I’m generalising, of course. Speaking for myself, my particular hang-up is that I live full-time in my own head, constantly analysing, anticipating, and second-guessing every experience. Sometimes it gets so bad that I feel like I’m too busy playing the spectator in my own life to truly enjoy the moment. In this sense, I’m the opposite of a musician or a dancer.

I can never tell when things are good until it’s already in the rearview mirror. 

And if I don’t find it on the page, then it’s lost for good. I will never know what anything means. 

“For someone who seems so smart,” my wife once told me, in exasperation, “You can be a real idiot sometimes.”

7. The Long Goodbye

Image by the author.

Anyway, the journey’s over. It’s time to go home. 

I moved to Singapore with the promise of regional travel and experiencing the local culture. Under the circumstances, I think I did the best I could. I still don’t know what the new normal looks like, but honestly, I’ve run out of patience to find out.
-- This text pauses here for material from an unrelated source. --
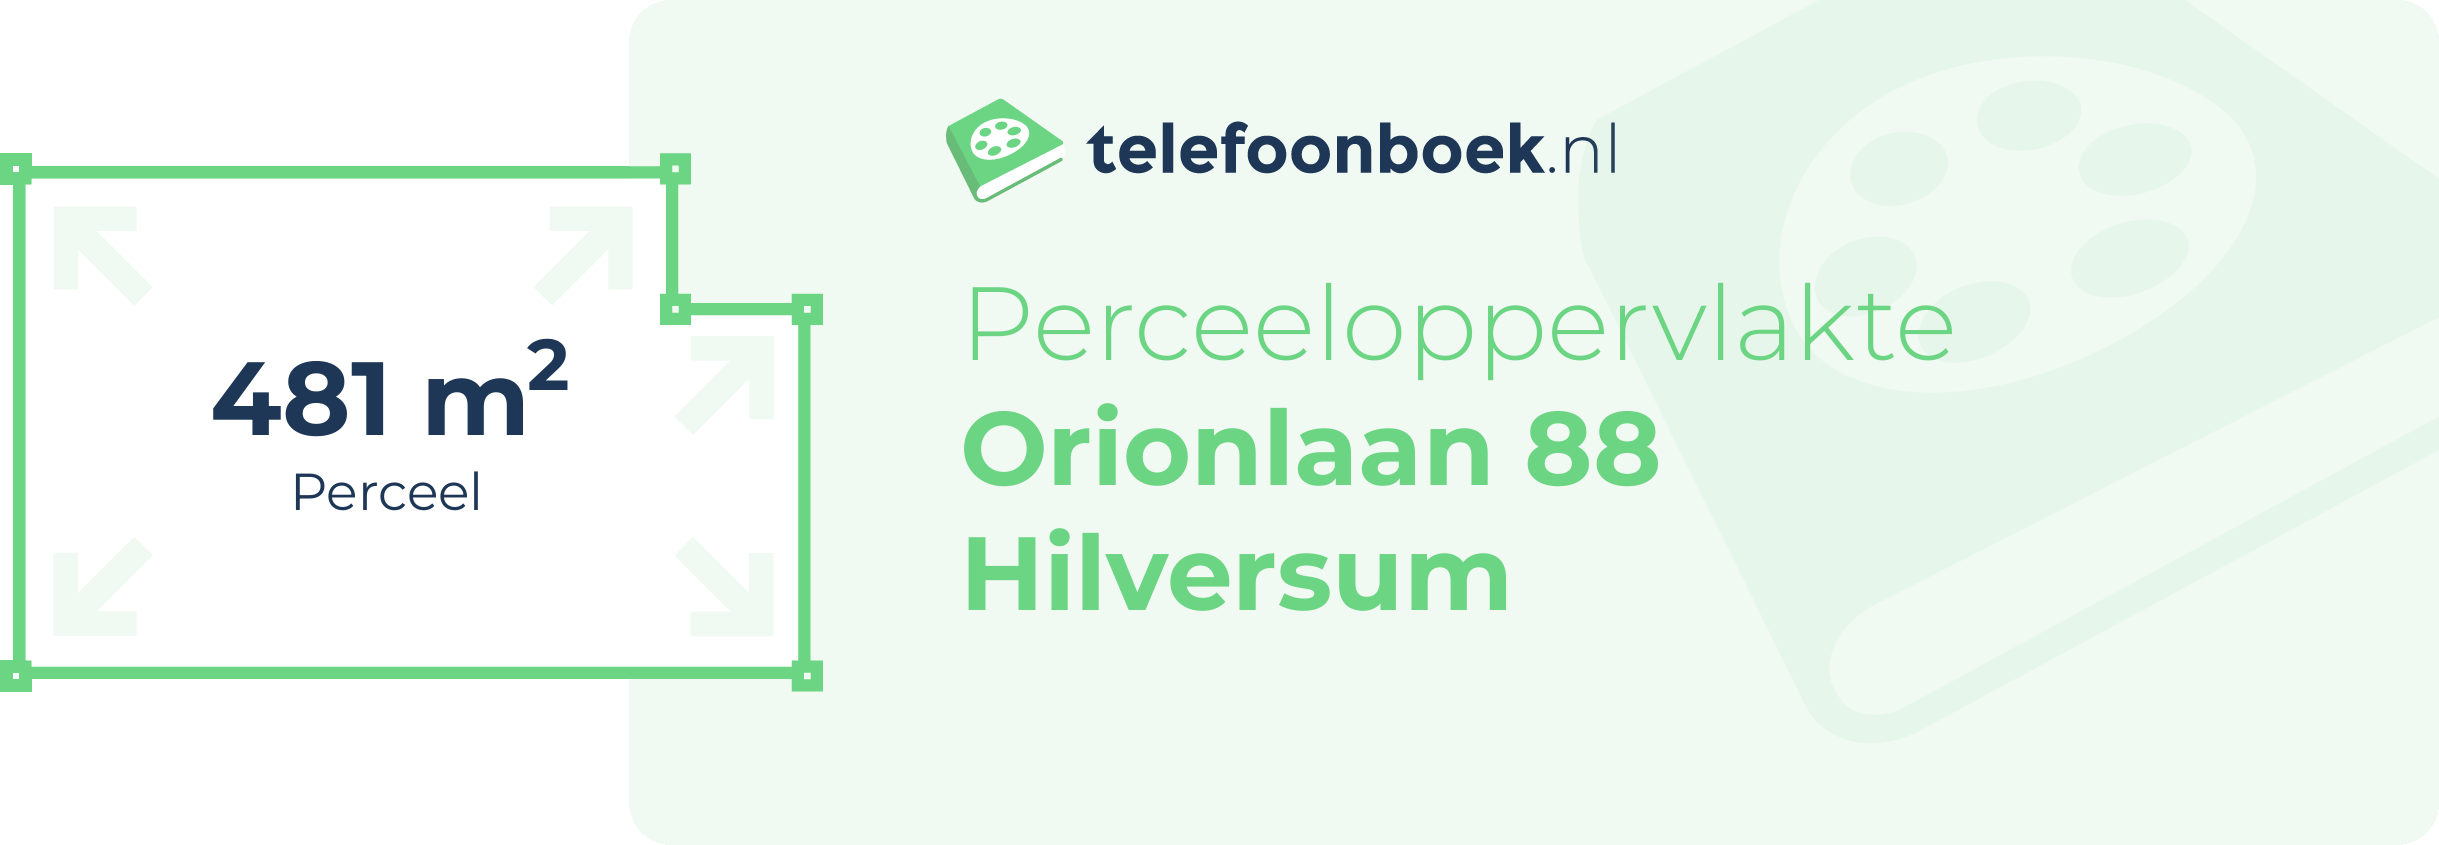 Perceeloppervlakte Orionlaan 88 Hilversum

I’d spent most of the pandemic here in Singapore, experiencing the same boredom, frustration, and disappointment as everyone else. I’ve mourned cancelled plans, family separations, and missed connections. There have been moments of joy and discovery too. After Sungei Kadut and my extended two-year layover here, it’s tempting to think that I’ve seen all there is to see. That I’ve figured this place and its people out.

But who am I kidding? I barely understand myself. 

Next month, when I board the red-eye flight back to Taipei, and before my plane reaches cruising altitude, I might think back to the lights of the city behind me. The lives and stories beneath my wings.

Can we ever truly know a place like Sungei Kadut? Can two strangers ever really understand each other beyond a few fragments taken at a moment in time? 

I don’t know the answer to these questions. In any case, I’m too tired to think. 

Why don’t you ask me again when I land?